How does CVX work for non-smooth objectives?

This is a bit of a general question regarding how CVX and the various solvers tackle a non-smooth problem.

For example, CVX supports the lambda_sum_largest(X,k) (i.e. sum of largest k eigenvalues) function, which is convex, but not differentiable. I have some basic familiarity with interior-point methods, but as far as I recall, they require the objective to be twice differentiable.

So my question is: what are the underlying algorithms that CVX uses for these non-smooth (but still convex) problems?


CVX calls conic optimization solvers, which make use of conic (cone) constraints. CVX transforms non-smooth objectives into conic constraints via epigraph formulation.

To get a general idea of what is done, you can read “Advances in Convex Optimization: Conic Programming”: by Nemirovski .

Thanks for your prompt reply as always Mark! I’ll go through the Nemirovski paper, seems like a great resource.

I do have one quick question though: wouldn’t the epigraph formulation of the lambda_sum_largest(X,k) function have a combinatorial number of convex constraints? Then doesn’t this imply that even checking the feasibility of a given point would take a ridiculously long time? In practice, having tried using this with fairly large matrix sizes, the running time doesn’t grow combinatorially though (which is good news :grin:, but I struggle to wrap my head around it).

No.
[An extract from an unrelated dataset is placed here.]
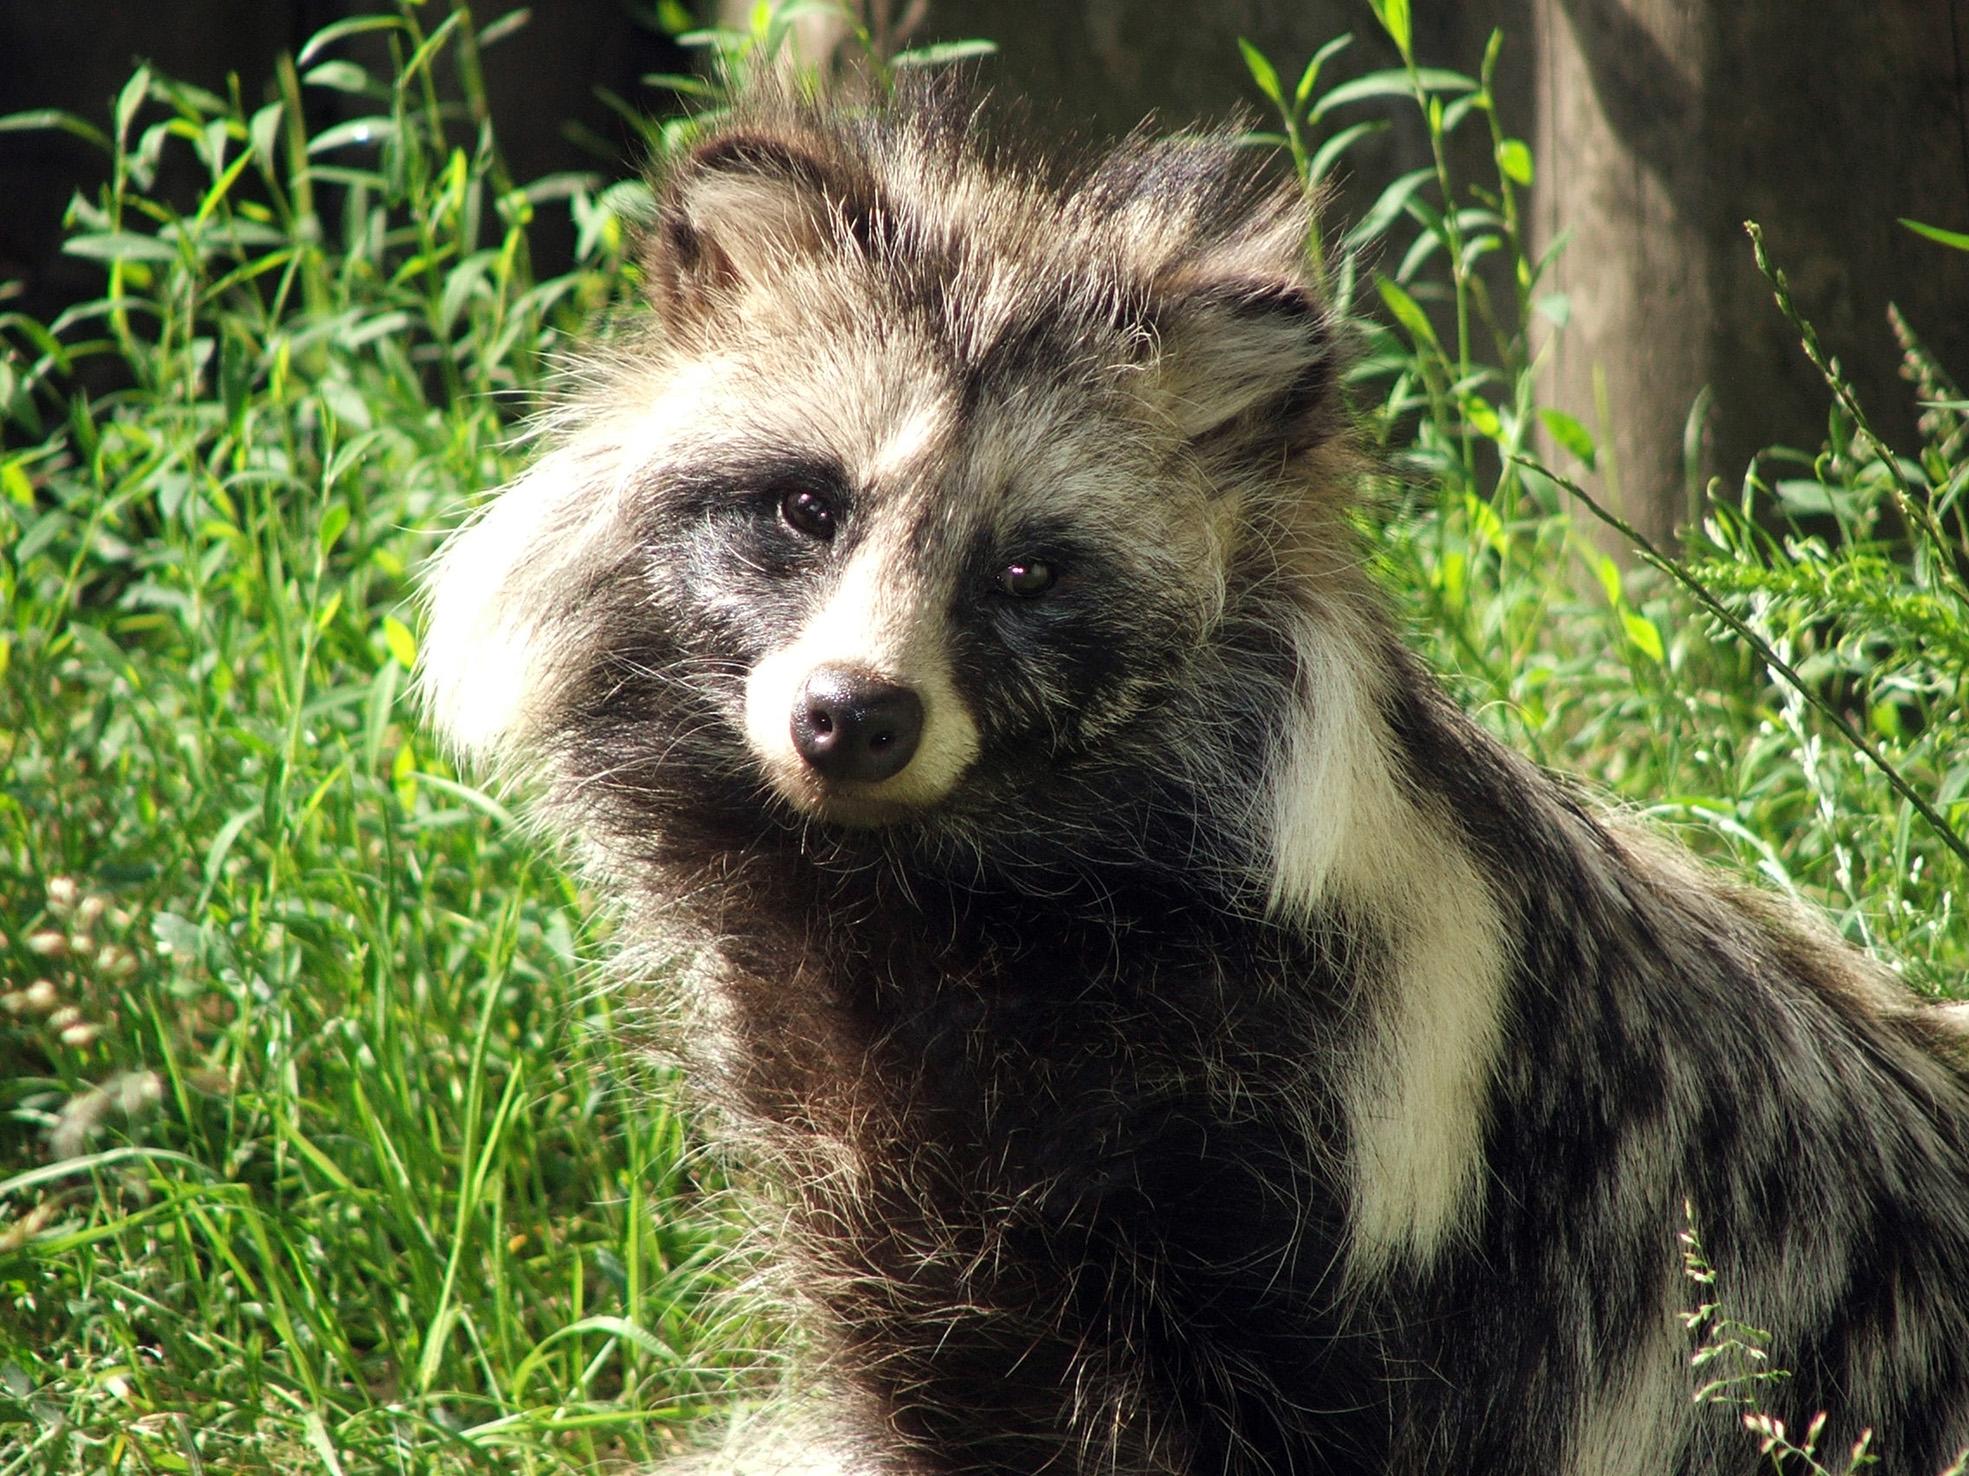 Mårdhund Foto: Piotr Kuczynski, Wikimedia Commons
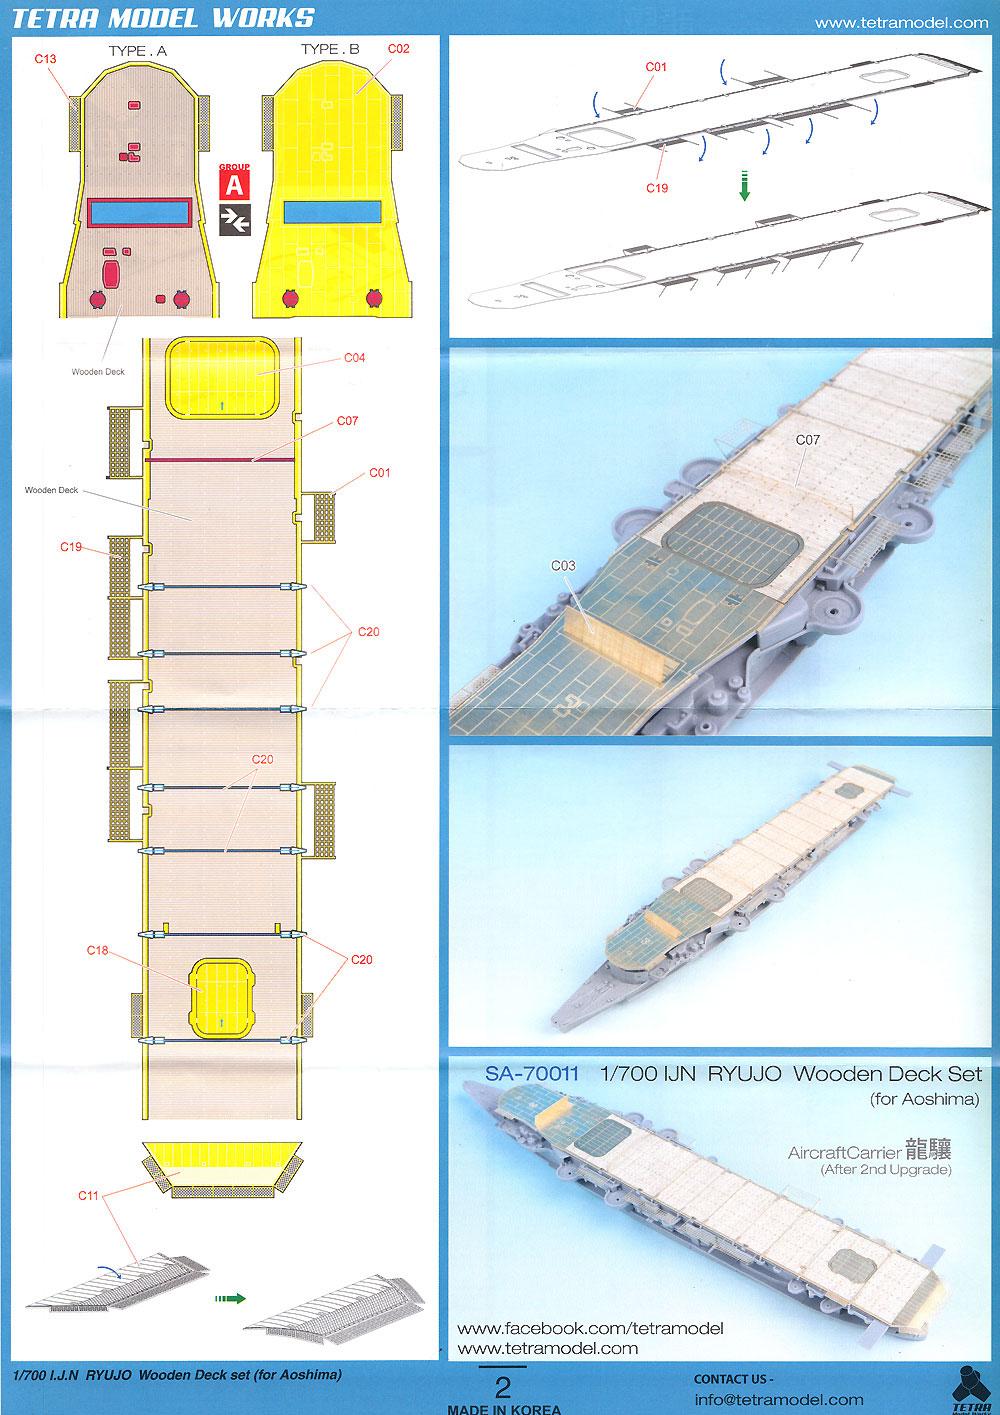 日本海軍 航空母艦 龍驤 第2次改装後 木製甲板 (アオシマ用)木甲板(テトラモデルワークス艦船 アクセサリーパーツNo.SA-70011)商品画像_3

Read and 6.2.2 Eigenvalue optimization of .

In any event, you can look at the CVX source code to see what it does.
I’ve cut out the error checking and alternative paths, etc, and left the essence of what they do when given affine CVX expressions.

   function cvx_optval = lambda_max( x )
	z = [];
    n = size( x, 1 );
        epigraph variable z
        z * eye( n ) - x == semidefinite( n, ~isreal( x ) ); %#ok

  function cvx_optval = lambda_sum_largest( x, k )
    n = size( x, 1 );
    S = [];
        variable S(n,n) symmetric
        S == semidefinite(n); %#ok
        minimize( k * lambda_max( x - S ) + trace( S ) );

Btw the problem you metion is transform into

min c’x
st. Ax=b
x \in K

where K is a convex cone. So all the non smothness issues are gone since the problem is solved by an interior-point method.